● **Exercise prompt**
Your response to the data below should hold nothing except the lines from the one containing "Naomi Pave Diamond Hoop Earrings 2.34 ctw" down to the one containing "La Reincarnazione di", reproduced exactly and without pictures.

● **Data for analysis**
__________

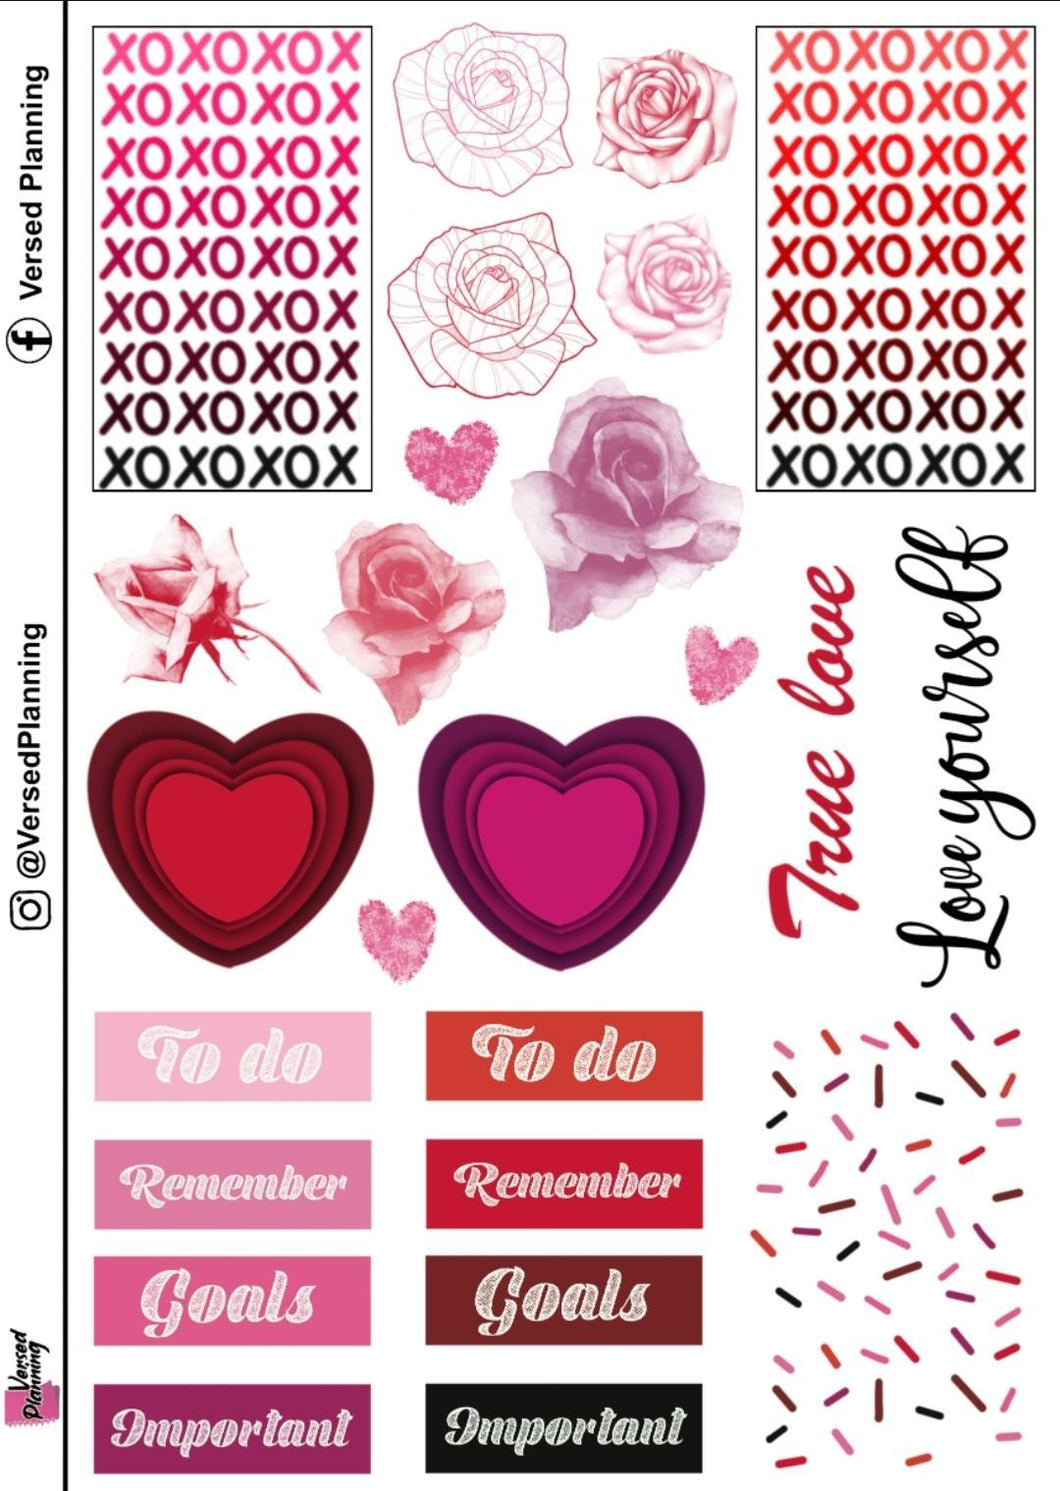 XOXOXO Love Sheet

__________

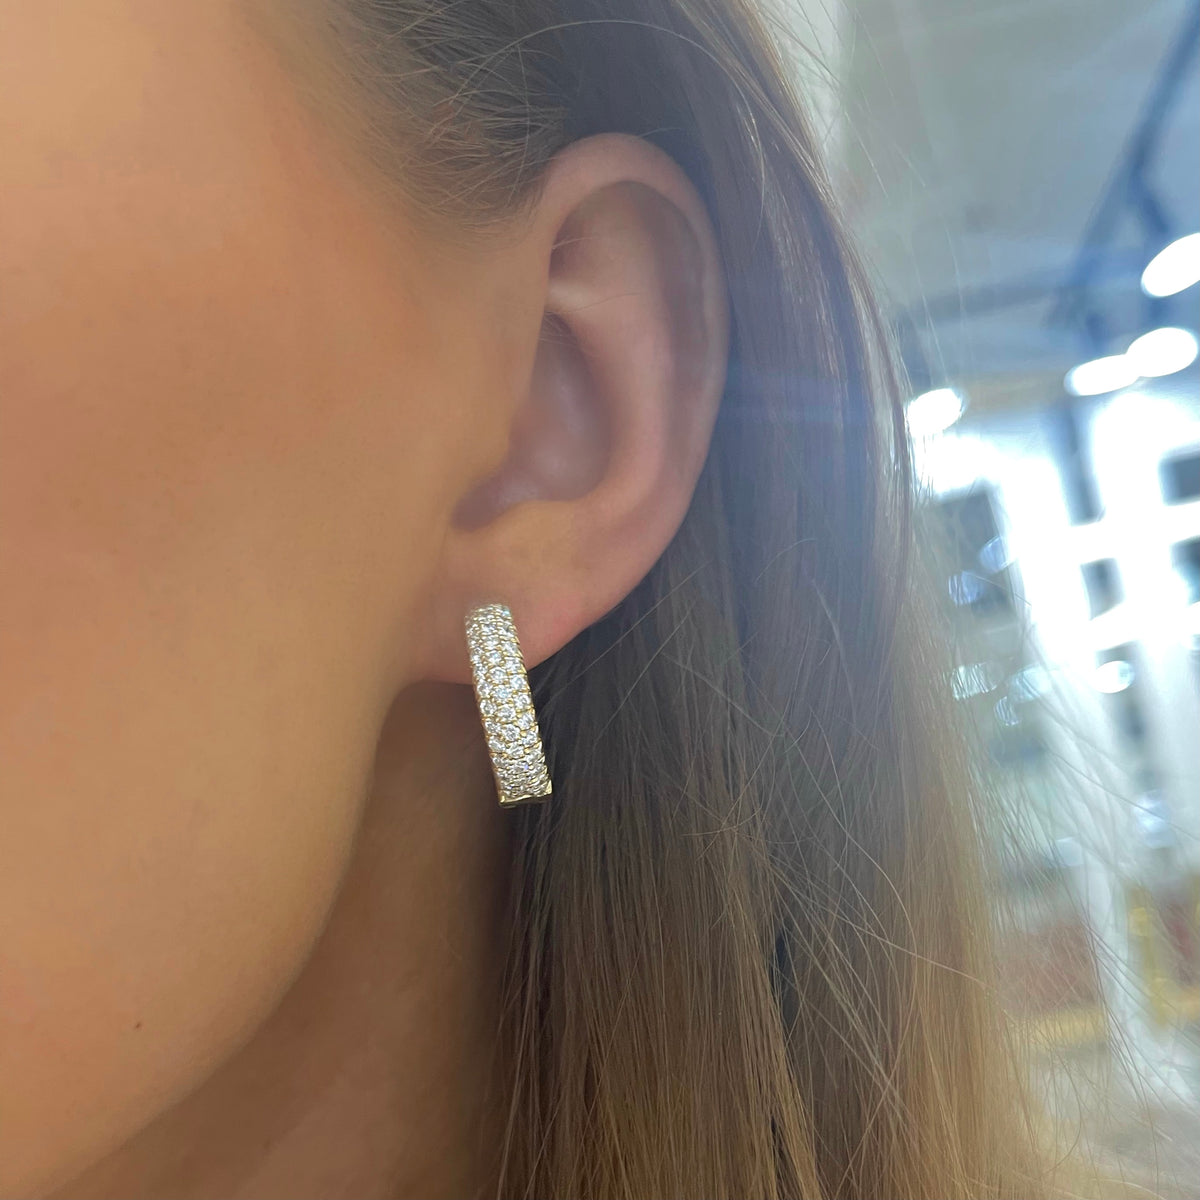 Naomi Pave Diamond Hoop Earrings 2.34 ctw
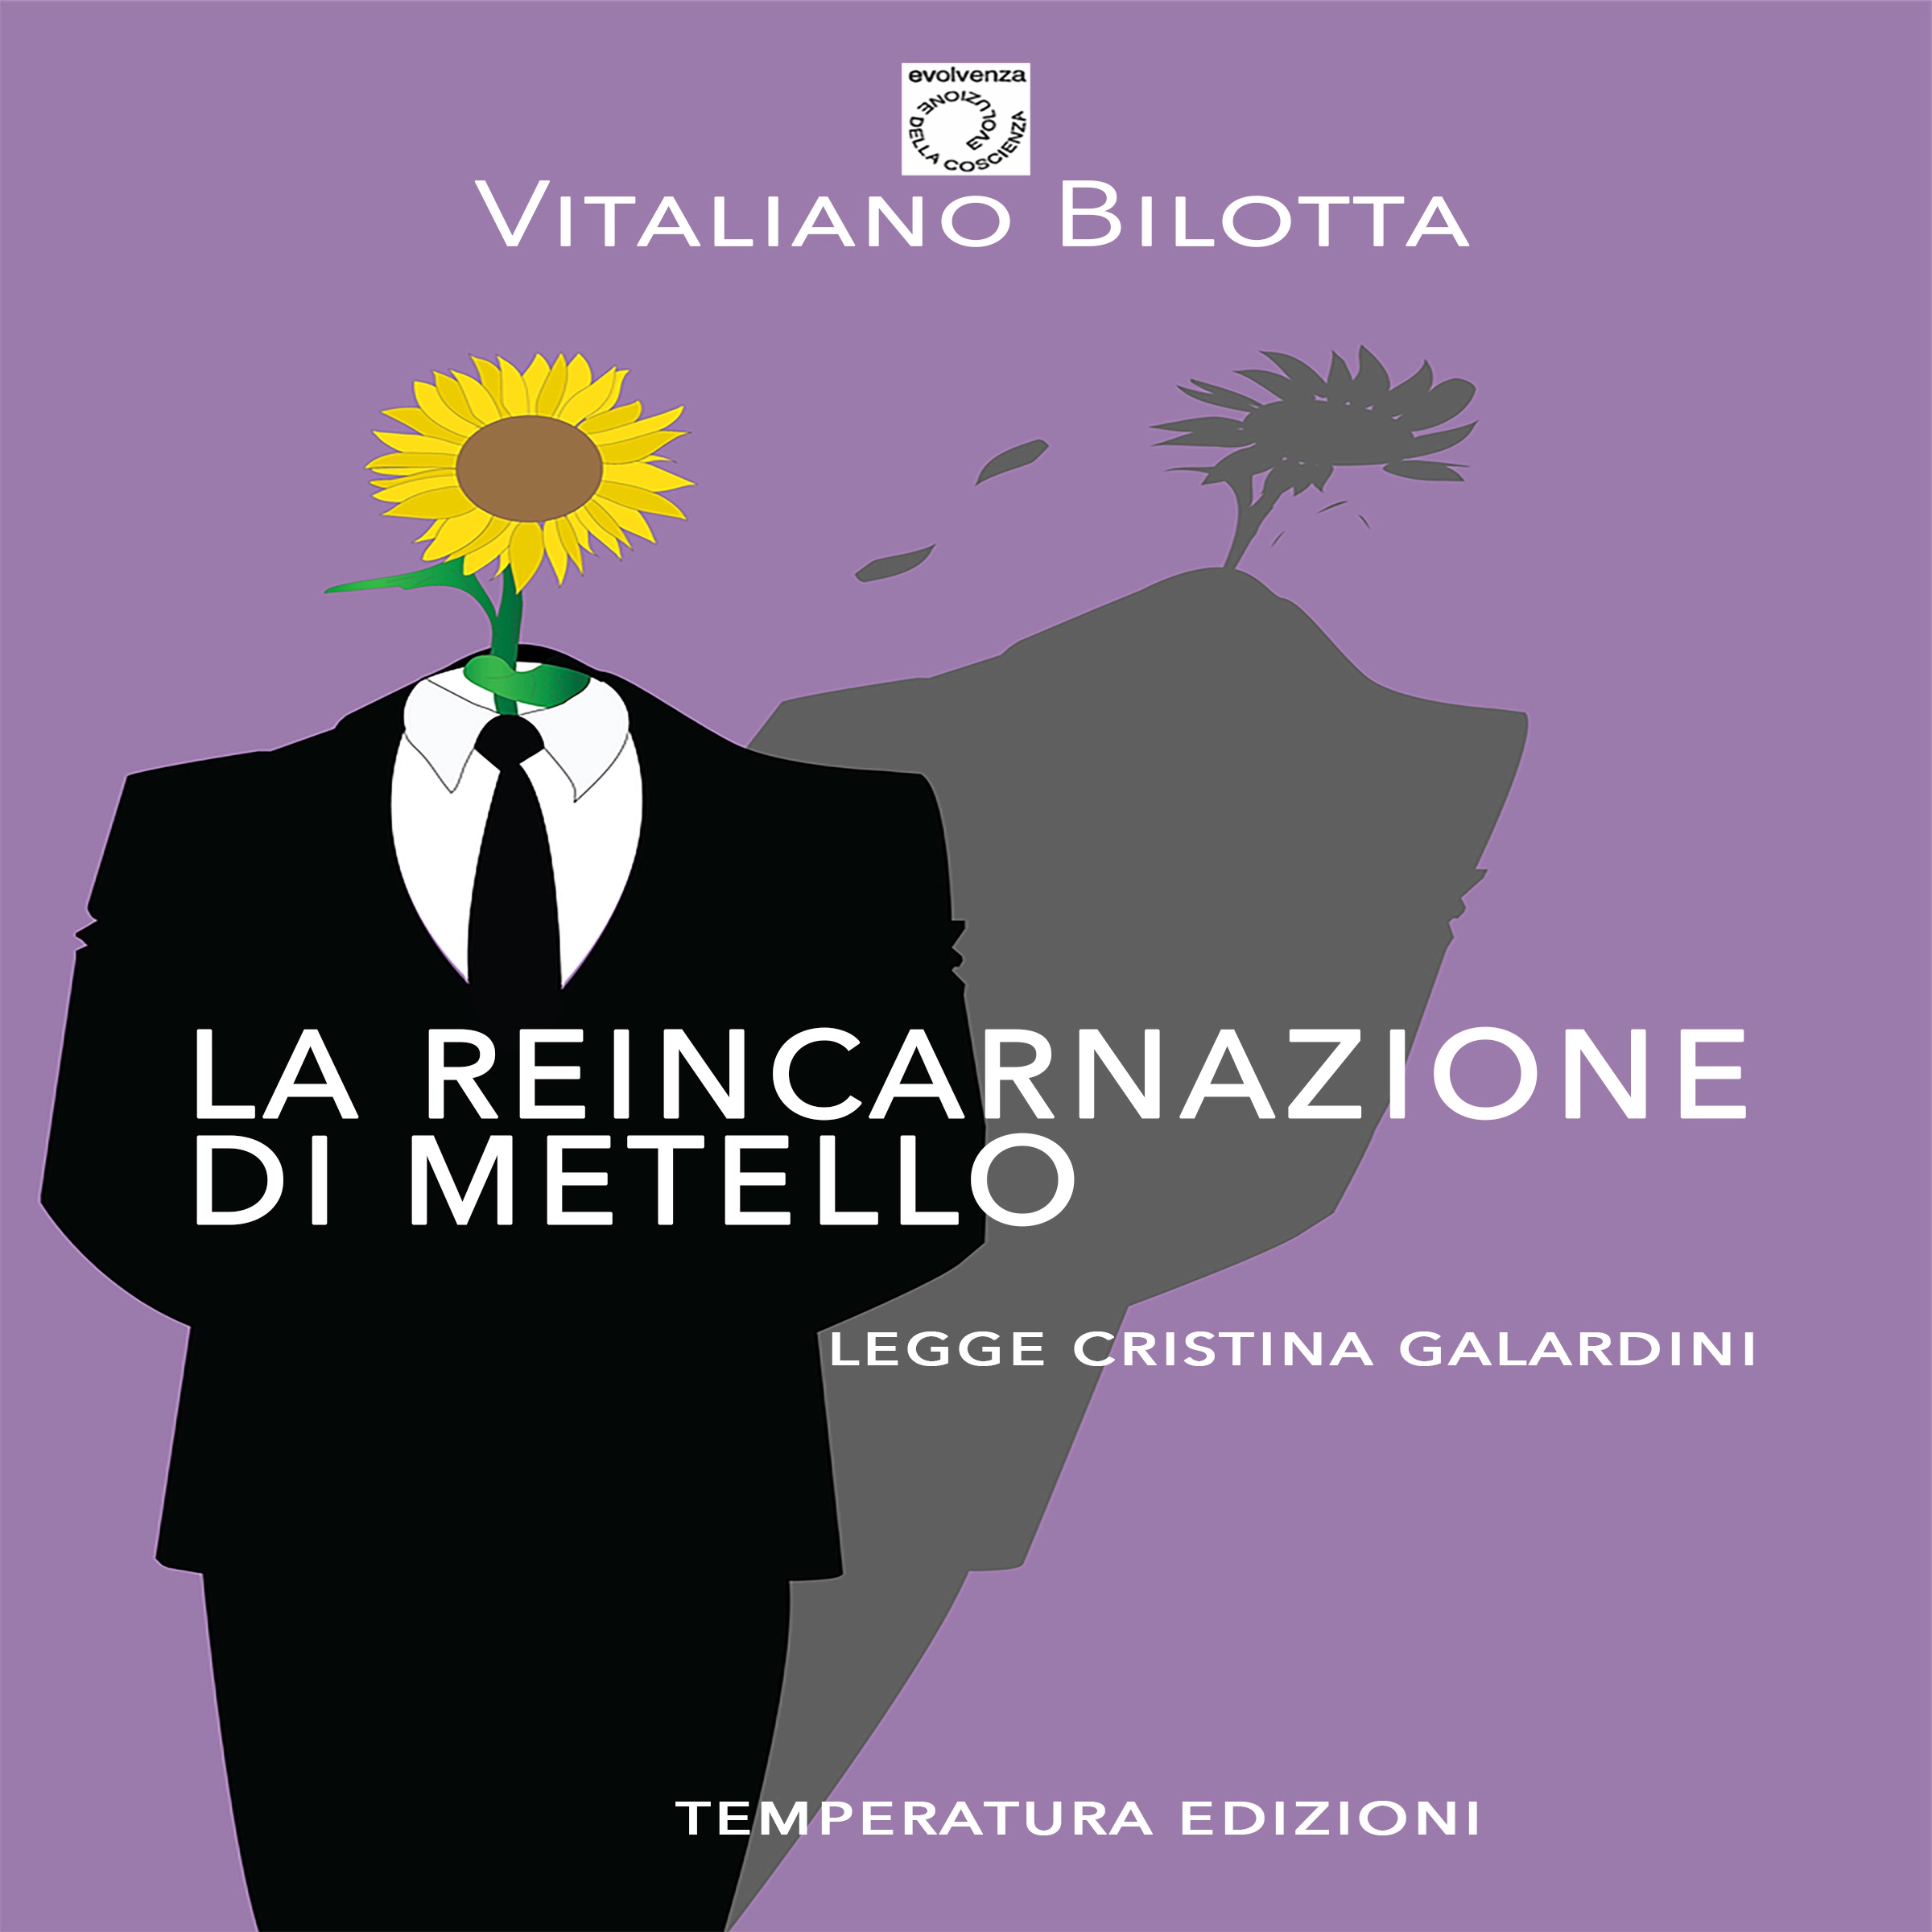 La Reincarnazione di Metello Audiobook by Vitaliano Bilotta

__________

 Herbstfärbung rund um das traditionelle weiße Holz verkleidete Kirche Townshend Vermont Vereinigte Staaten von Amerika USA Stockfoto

__________

● **Exercise answer**
 Naomi Pave Diamond Hoop Earrings 2.34 ctw
 La Reincarnazione di Metello Audiobook by Vitaliano Bilotta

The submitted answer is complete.